Además, entiende que la ciudadanía no está recibiendo indicadores claros que muestren el porqué de las acciones del Gobierno foral: “Se debe visibilizar la toma de decisiones con criterios objetivos para que los ciudadanos y los negocios puedan entender las medidas. Más aún, se debería contar con los principales actores económicos de Navarra a la hora de valorar el impacto de ciertas decisiones. Que se lo digan a la hostelería”.

El presidente de Institución Futuro hace su particular lectura de lo que supondría un nuevo confinamiento total en caso de que la curva de contagios no se aplane. “Estoy convencido de que todos los agentes implicados van a tratar de evitarlo a toda costa. Pero si llegado el caso se volviera a dar cerrojazo a la sociedad y a las empresas, auguro un futuro pésimo para nuestra población, que tendrá que vivir durante años las consecuencias económicas”.

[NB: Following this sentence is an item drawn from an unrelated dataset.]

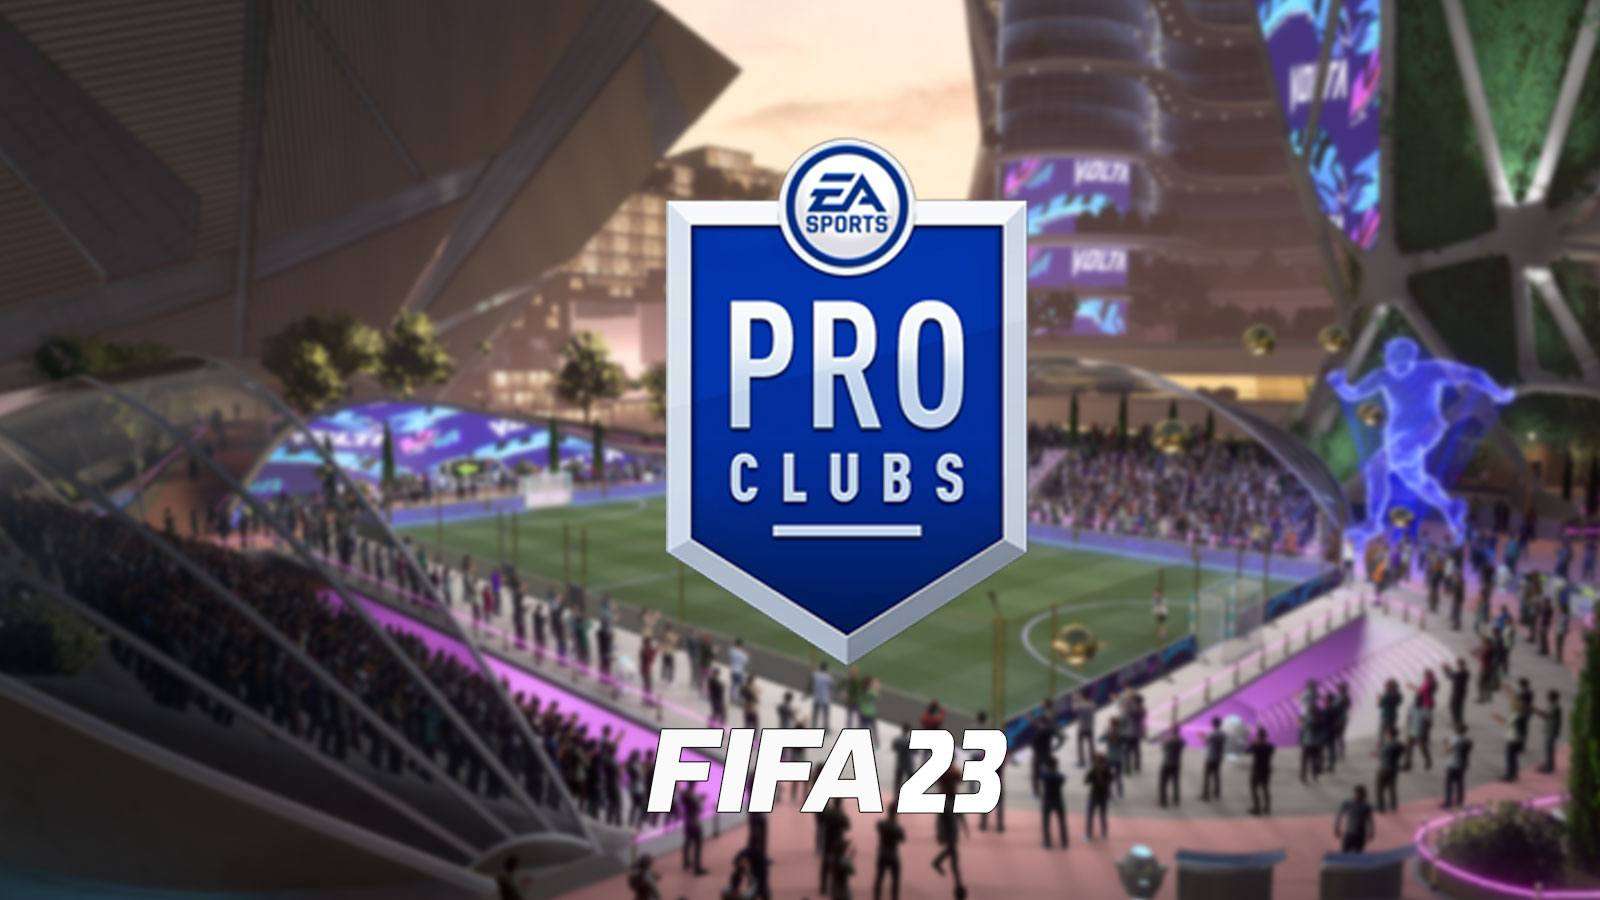 Club Pro FIFA 23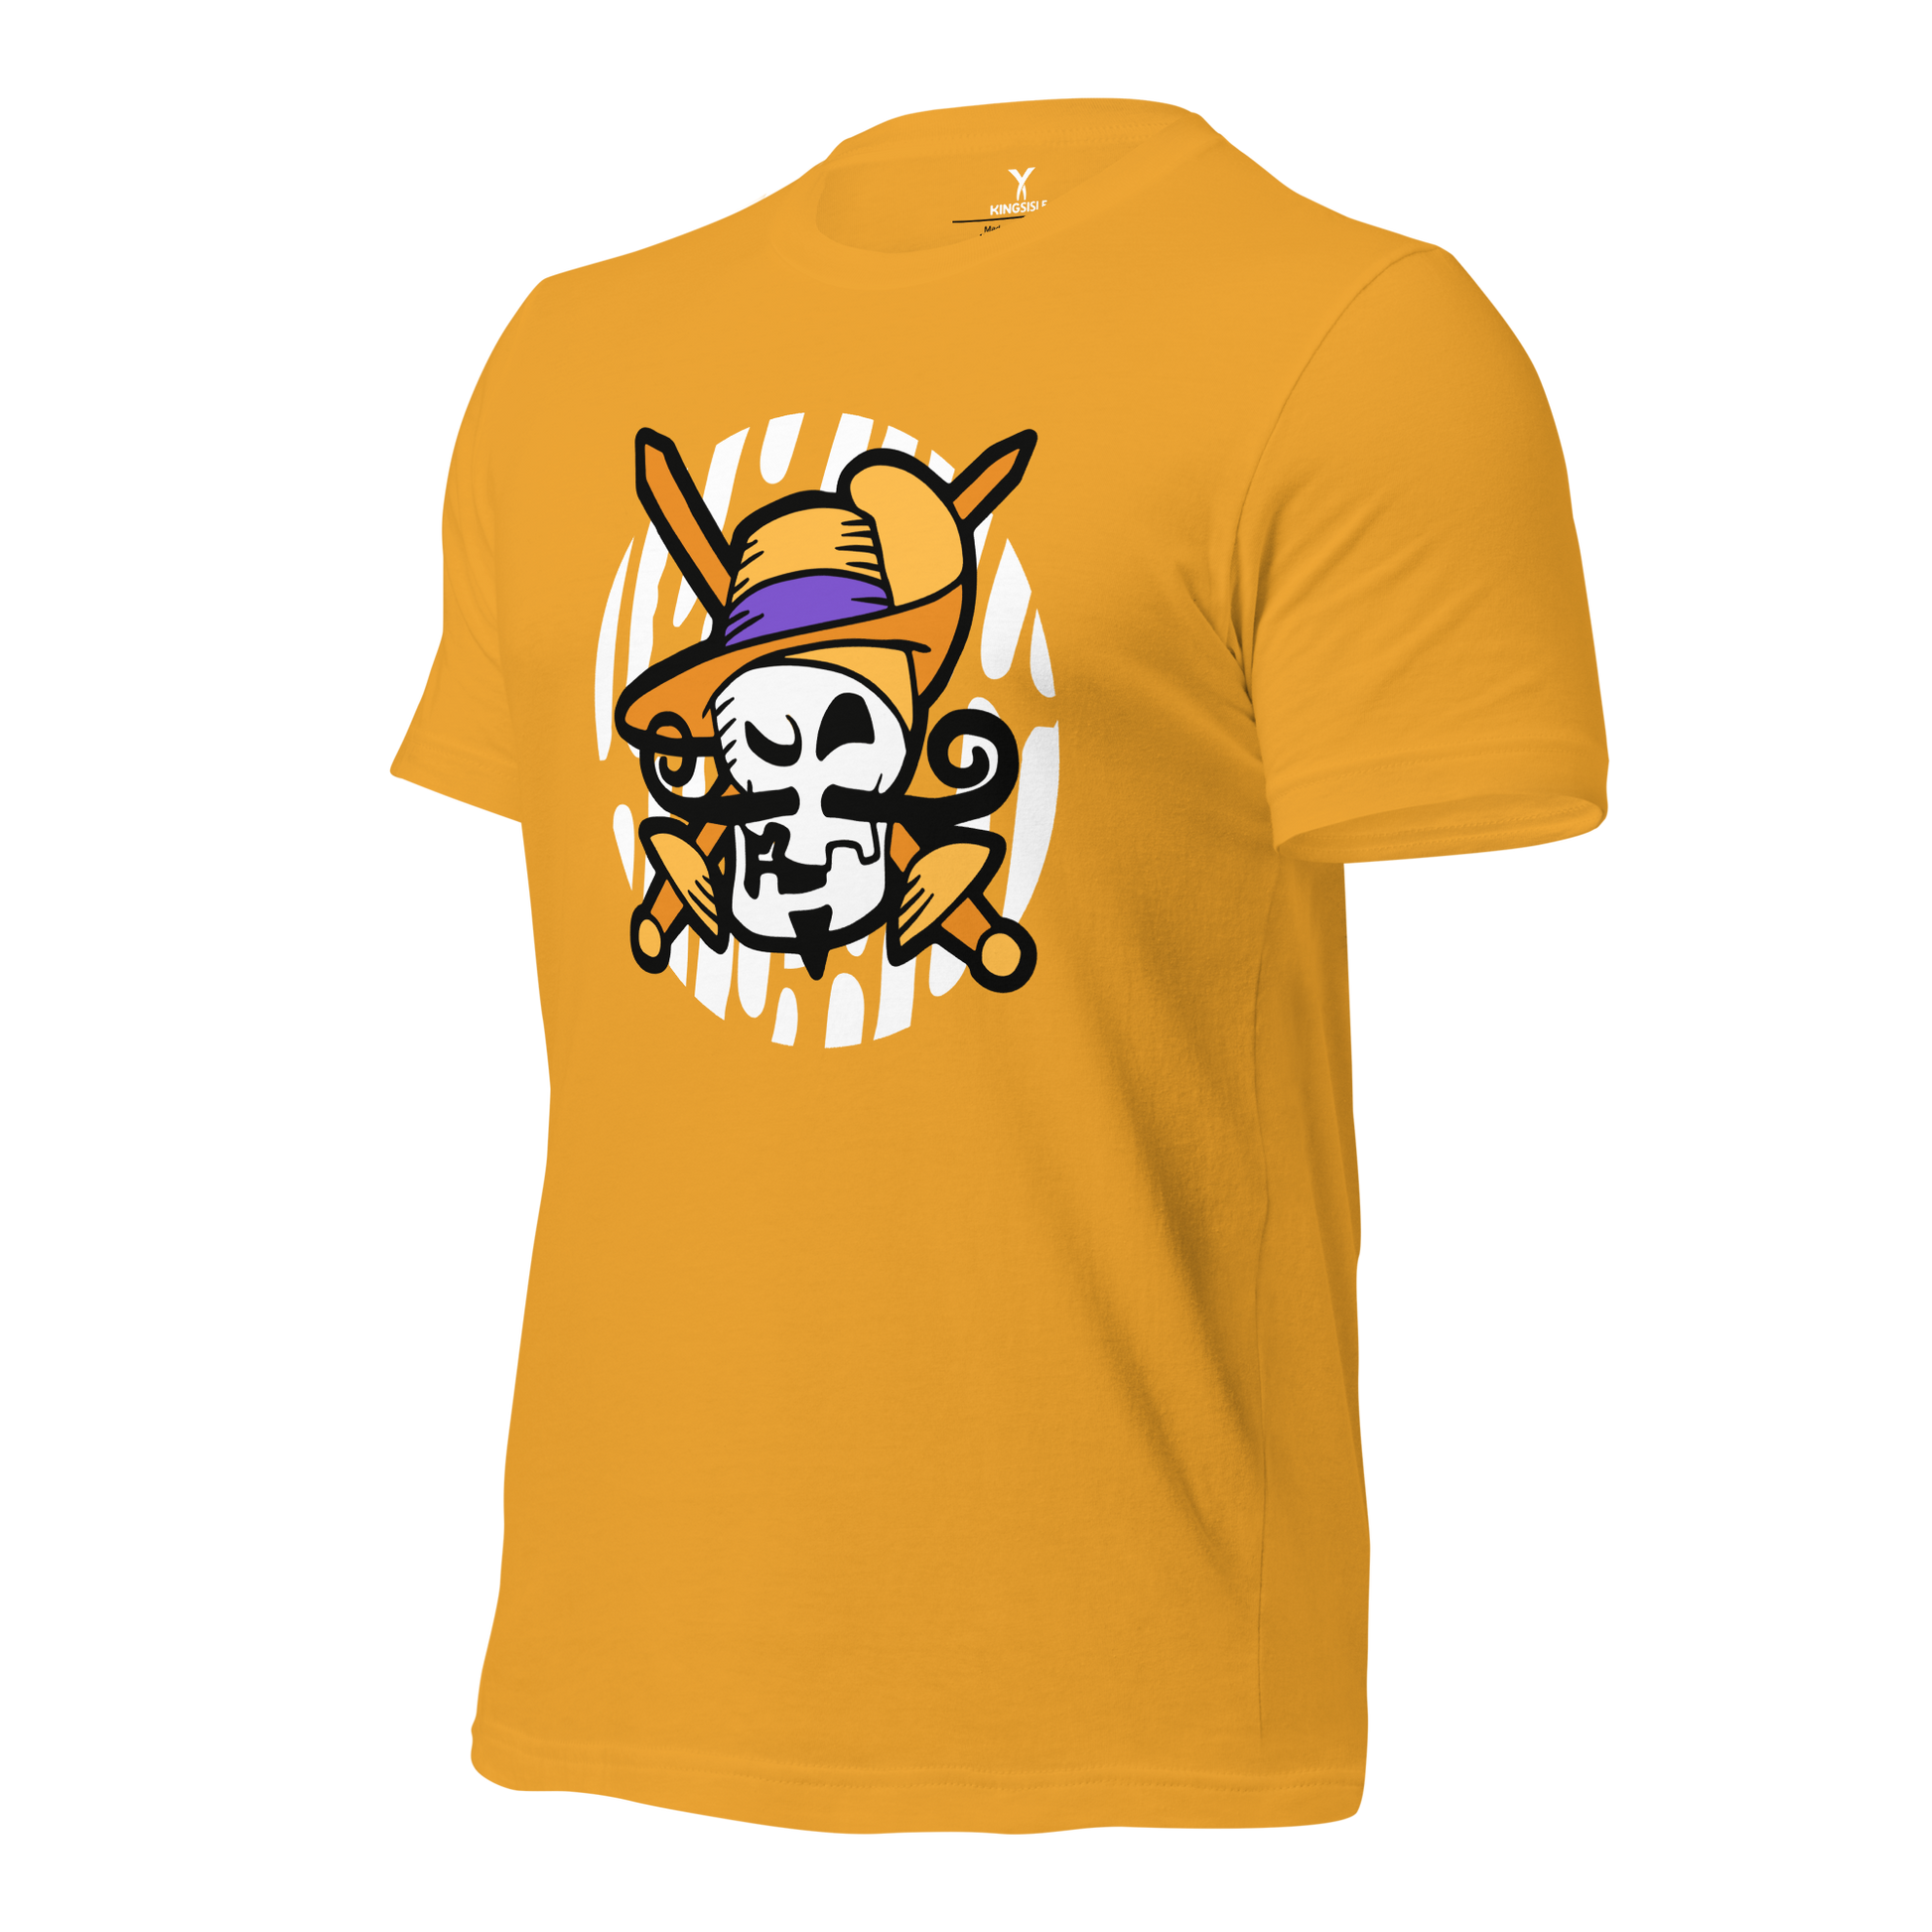 Pirate101-Swashbuckler-Male-Skull-Unisex-Graphic-Shirt2-short-sleeve

Francisco Esparza considera crucial que se adopten las medidas siguiendo criterios técnicos y dejando las “rencillas políticas”.

Del mismo modo piensa Francisco Esparza, presidente de la Asociación para el Desarrollo de la Empresa Familiar Navarra (ADEFAN), quien señala que un segundo confinamiento sería “un varapalo total” para la economía y se pregunta al mismo tiempo cómo podrá pagar el Gobierno central los ERTE si el estado de alarma se extiende hasta mayo: “Sería un coste brutal. Y más si algunos sectores no pueden abrir hasta dicho mes. Es una situación muy preocupante”. Esparza indica así mismo que, además de priorizar la crisis sanitaria, las autoridades deben pensar en la economía “y en cómo salimos de esta”, para lo cual considera crucial que se tomen las medidas siguiendo criterios técnicos y dejando las “rencillas políticas”. Aunque hay países que están tomando medidas más drásticas con el aliento de “no apagar” la Navidad, aquí ya “está rota”.

Adriana Eransus, gerente de la Asociación de Jóvenes Empresarios (AJE Navarra), no ve adecuado entrar a valorar si las últimas medidas adoptadas deberían haberse tomado antes: “Ni somos políticos ni tenemos conocimiento para hacerlo”. Pero sí tiene claro que un segundo confinamiento como el vivido en primavera no sería viable “porque sumiría al país en la más absoluta miseria”. De modo que “ni las empresas ni el Estado pueden asumir algo similar”. Al igual que Esparza, ve necesario “remar todos a una, dejando a un lado las discrepancias ideológicas, y centrarnos en lo verdaderamente importante, siendo responsables y conscientes de que salir de esta situación tan crítica está en nuestras manos”. 

Adriana Eransus: “Un segundo confinamiento como el vivido en primavera sumiría al país en la más absoluta miseria”.

La gerente de AJE Navarra insiste en que la hostelería es la punta del iceberg. “Ahora mismo está sufriendo de una manera radical la pandemia. Y desde AJE enviamos todo nuestro apoyo a esos profesionales que no pueden abrir sus negocios por la irresponsabilidad de muchos. Pero esto es una espiral porque abarca a muchos más agentes: proveedores, empresas de eventos, sector primario…”. Eransus achaca este agravamiento de la situación a la incapacidad para atajar los brotes “porque no se ha asumido que este virus nos está condicionando y que hemos de luchar todos juntos contra él”.

Por eso, apela a la responsabilidad, la empatía, la conciencia social y la vocación política. “Hoy en día, la clase política vive una situación difícil, pero es ahora cuando más necesitamos a las instituciones para que impulsen proyectos y ayudas reales y apoyen a los jóvenes. Somos un puntal fundamental y nuestra situación es realmente complicada”, remata.